Driving in the UK with non-UK number plates : Directgov - Motoring

although you'd probably be OK driving it to the ferry 



> UK residents driving non-UK cars in the UK
> 
> UK residents are not allowed to use non-UK registered vehicles on UK roads. The only exceptions are:
> 
> if you work in another EU member state and use an EU-registered company car temporarily in the UK for business and private purposes
> if you lease an EU-registered car and use this temporarily in the UK


----------



## walker07

So do you think I'd be ok driving back up from Basingstoke to Scotland with the vehicle once I purchased it, then driving back down to the ferry 2 months later? I could hold on to my UK reg car to use while still here until it was time to leave.


----------



## Seb*

walker07 said:


> So do you think I'd be ok driving back up from Basingstoke to Scotland with the vehicle once I purchased it, then driving back down to the ferry 2 months later? I could hold on to my UK reg car to use while still here until it was time to leave.


Well up to Scotland it would not be legal. On leaving the UK you can explain the situation and show your ferry ticket as prove. I would be surprised if a police officer would stop you leaving the country.

Personally I would risk it, what is the chance that you get stopped by the police? But I would recommend that you have insurance for the car, when you drive it up to Scotland. On top of that I would carry as much prove/documentation as possible to explain, that you are planning to move to Spain (NIE number, maybe even a pre-booked ferry ticket etc.). Police officers are humans and usually very understanding if presented with the right explanation (with proof) in a friendly manner.


----------



## xabiaxica

walker07 said:


> So do you think I'd be ok driving back up from Basingstoke to Scotland with the vehicle once I purchased it, then driving back down to the ferry 2 months later? I could hold on to my UK reg car to use while still here until it was time to leave.

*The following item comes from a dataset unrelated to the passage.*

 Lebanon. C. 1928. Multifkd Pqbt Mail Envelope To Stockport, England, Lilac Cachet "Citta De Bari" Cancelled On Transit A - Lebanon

I suspect you'd _probably_ be OK driving it around - but if it was for 2 months the local police _might _start asking questions if they noticed


I dare say if you were stopped & were just moving it from one place to another that shouldn't be a problem


----------



## walker07

Thank you all for the advice and taking time to reply. We might have to rethink how we do things as don't want to get on the wrong side of the law! I'll also check with our local village constabulary as to how things stand although I'm pretty sure they'll tell me it is illegal to drive on foreign plates in what is still our current place of residence. I will definitely organise the insurance through a conact in Spain so at least we will be legal as soon as we set foot on Spanish soil! Thanks to all for your help.


----------



## mrypg9

walker07 said:


> Thank you all for the advice and taking time to reply. We might have to rethink how we do things as don't want to get on the wrong side of the law! I'll also check with our local village constabulary as to how things stand although I'm pretty sure they'll tell me it is illegal to drive on foreign plates in what is still our current place of residence. I will definitely organise the insurance through a conact in Spain so at least we will be legal as soon as we set foot on Spanish soil! Thanks to all for your help.

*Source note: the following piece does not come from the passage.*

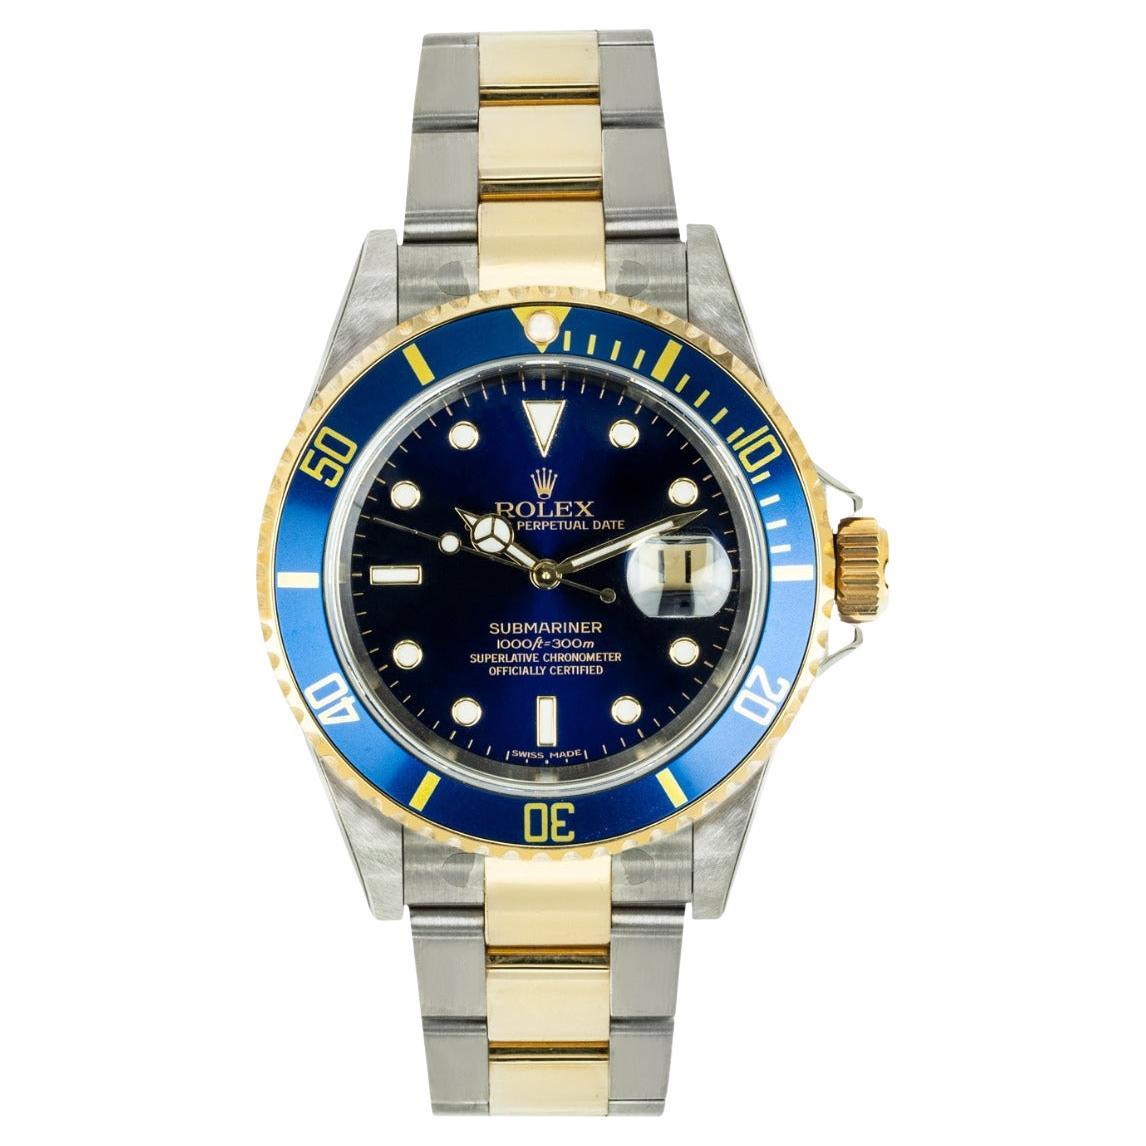 Rolex Montre Submariner Date NOS en acier inoxydable et or jaune avec cadran bleu 16613

If your vehicle is insured you will have no problem whatsoever driving it in the UK.
I think the police have many more urgent matters to deal with. When did you last read or hear about a UK resident who intends to move shortly to another country to reside being fined for driving a foreign-plated car in the UK?
My son had a LandRover bought from a friend on French plates. He used it for trips to Switzerland, France and Spain but kept it in the UK. It was insured and had all the tests and documents required in France. He had the vehicle for eighteen months with no problems.
The police are reasonable, in my experience and once a situation is politely explained are very understanding. That goes for almost all the countries I have lived in. You are not a teenage tearaway (are you?)
If you find problems insuring the vehicle on Spanish plates in the UK, I can put you in touch with a reputable broker in Swansea who specialises in insurance for people living outside the UK.

I used him to get cover for a Mercedes I bought from Mercedes Nuremberg, also delivered to me in Prague. Stupidly I had it put on British plates and although I drove it happily around Prague I realised it would cost a fortune to have it transferred to Spanish plates.

You can make too much out of what is a simple business transaction. What would be the case with someone who has residences in Spain and the UK? Would a policeman really ask you to prove which was your main residence? We are talking the UK here, not the GDR underb the Stasi.

I;m not allowed to directly recommend a specific UK company but I personally would buy from Basingstoke should I require another LHD vehicle...most definately..


----------



## walker07

mrypg9, I don't suppose you can give me a recommendation on the car dealer in Basingstoke you bought from? Does it have 'place' in it's name? Being so far North of the Border it is difficult for me to know if I'm dealing with a reputable dealer or not so would be grateful for any personal recommendations. Thanks.


----------



## mrypg9

walker07 said:


> mrypg9, I don't suppose you can give me a recommendation on the car dealer in Basingstoke you bought from? Does it have 'place' in it's name? Being so far North of the Border it is difficult for me to know if I'm dealing with a reputable dealer or not so would be grateful for any personal recommendations. Thanks.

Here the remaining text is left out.